DESCRIPTION OF THE TASK |
Skip the pictures and copy all the data that follows exactly.

INFORMATION PROVIDED |
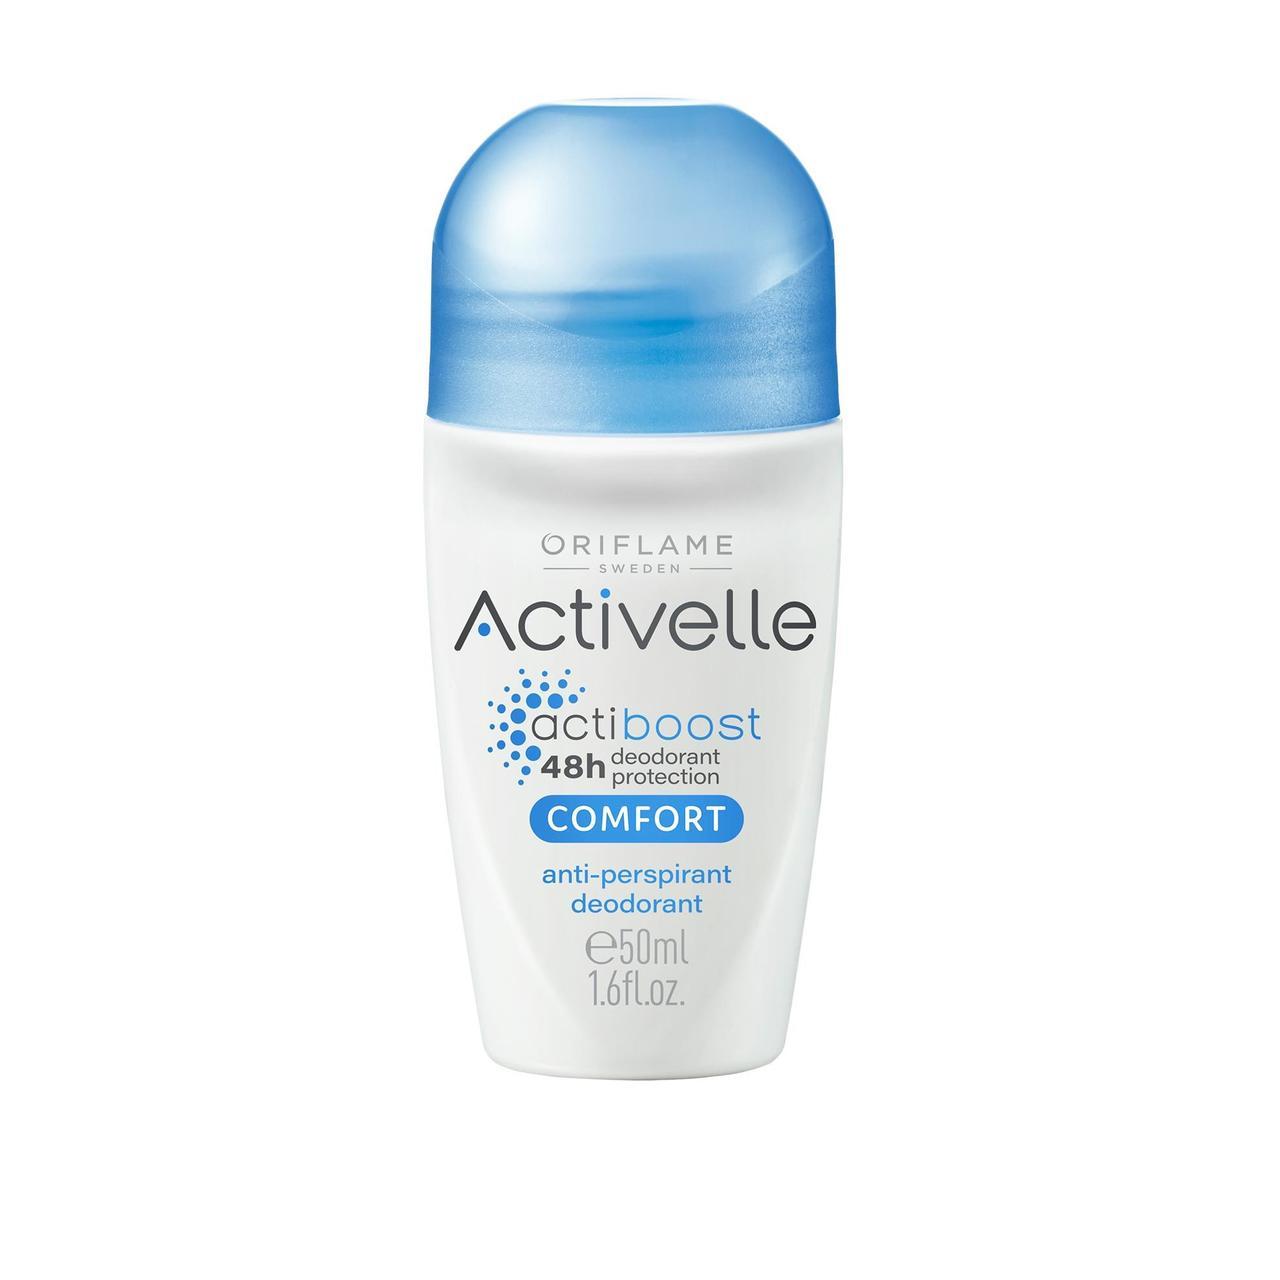 Шариковый дезодорант-антиперспирант Activelle Oriflame
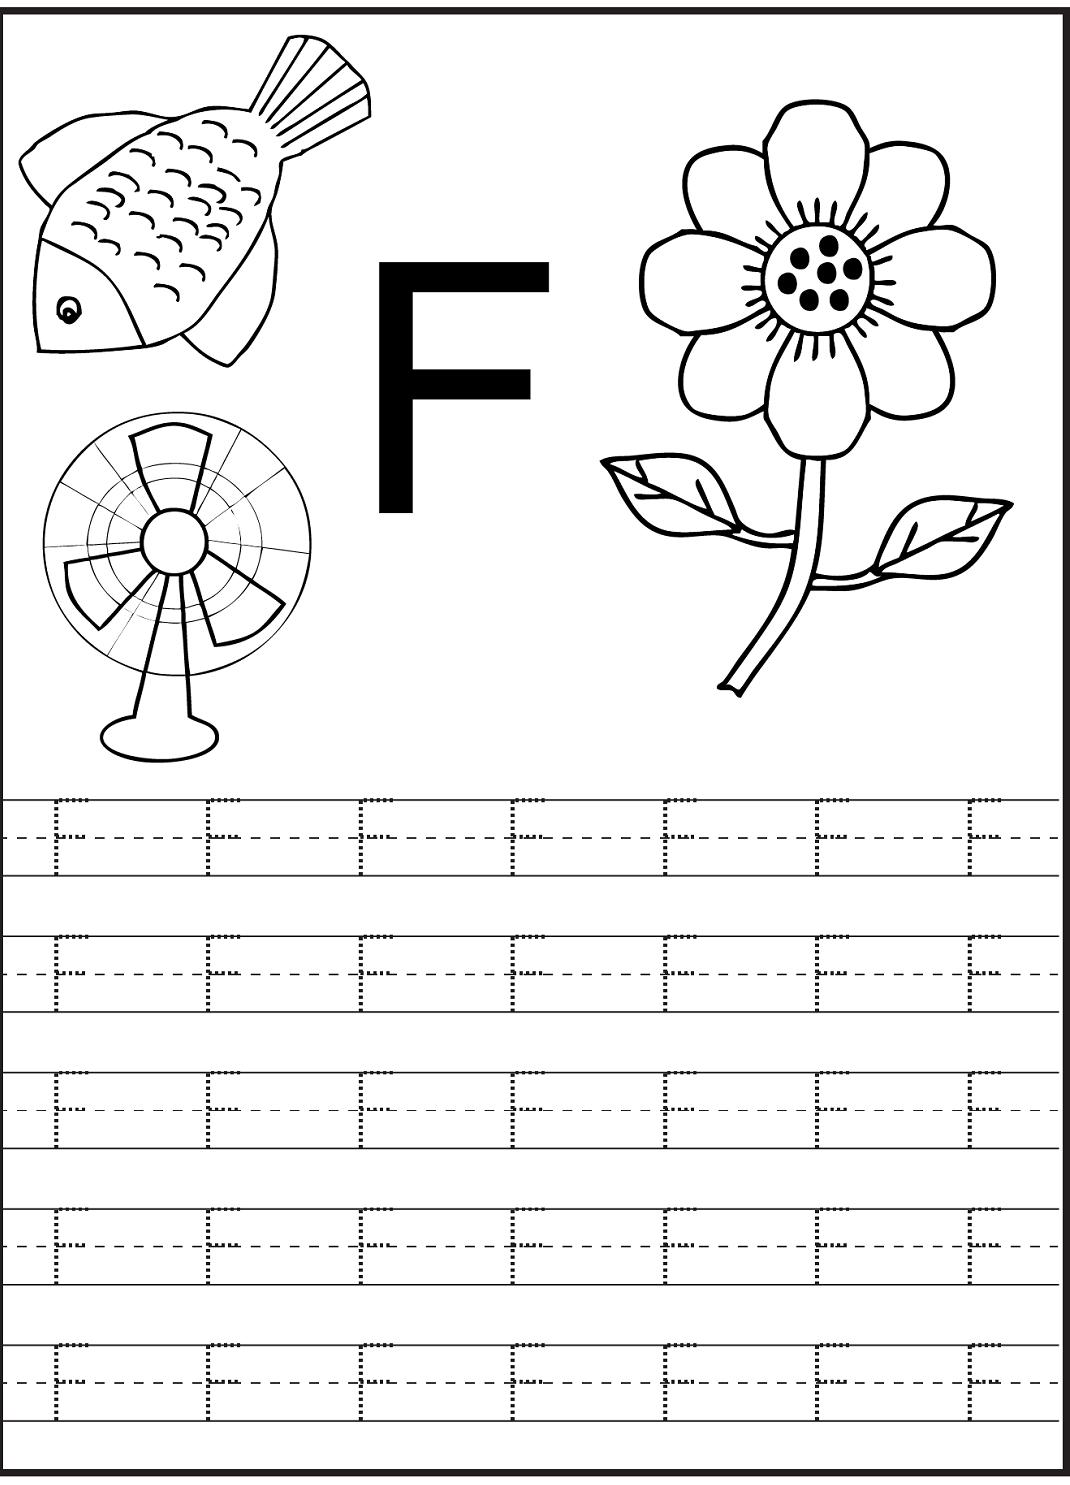 Letter F Worksheet For Preschool And Kindergarten | Alphabet
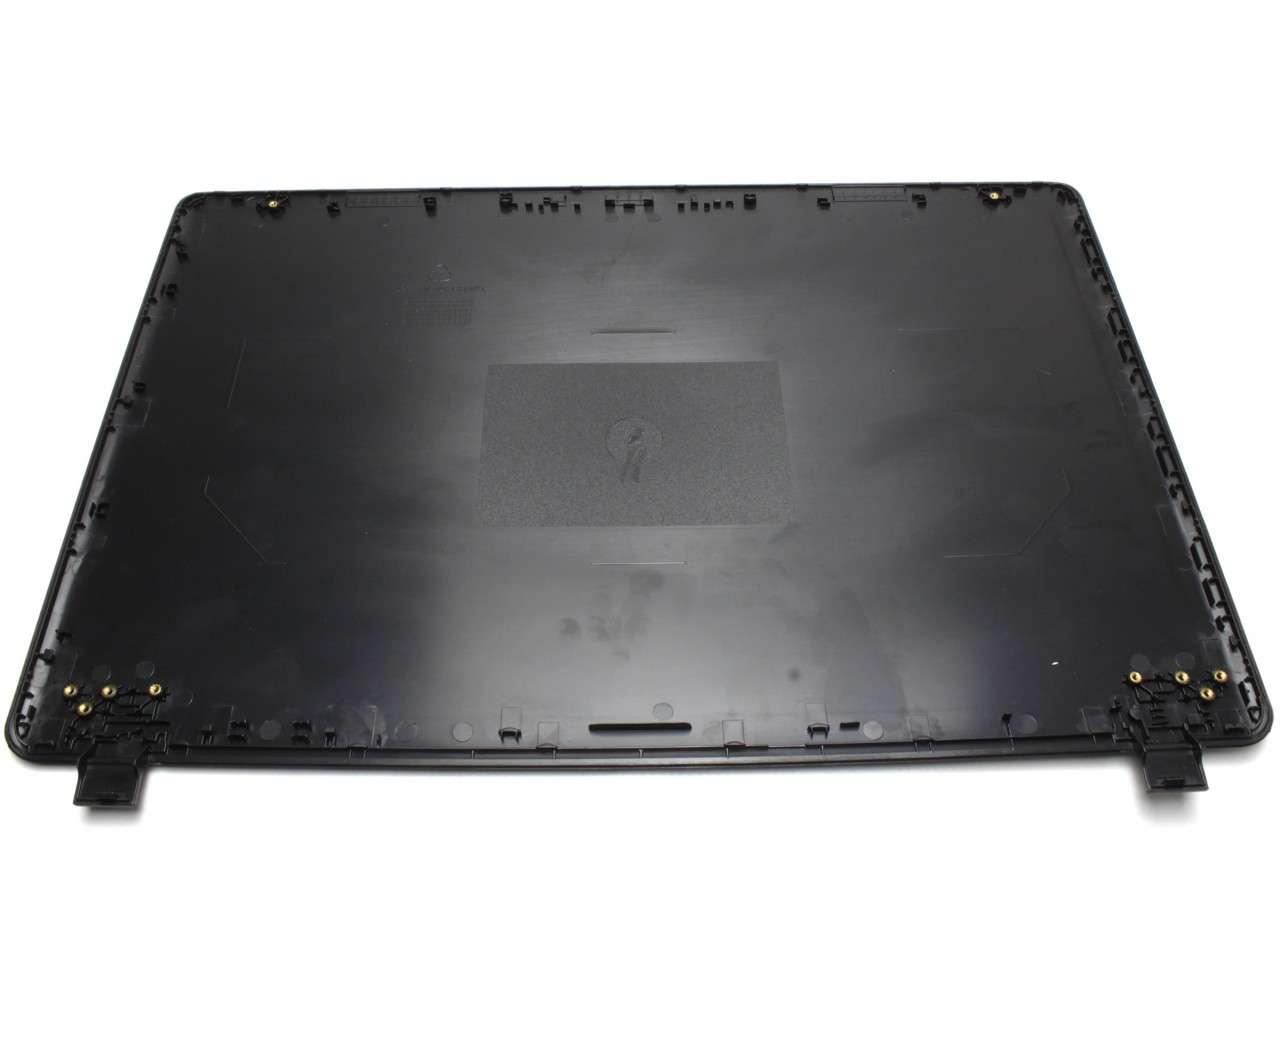 Capac Display BackCover Acer Extensa 2540 Carcasa Display imagine powerlaptop.ro 2021

RESPONSE TO THE EXERCISE |
 Шариковый дезодорант-антиперспирант Activelle Oriflame
 Letter F Worksheet For Preschool And Kindergarten | Alphabet
 Capac Display BackCover Acer Extensa 2540 Carcasa Display imagine powerlaptop.ro 2021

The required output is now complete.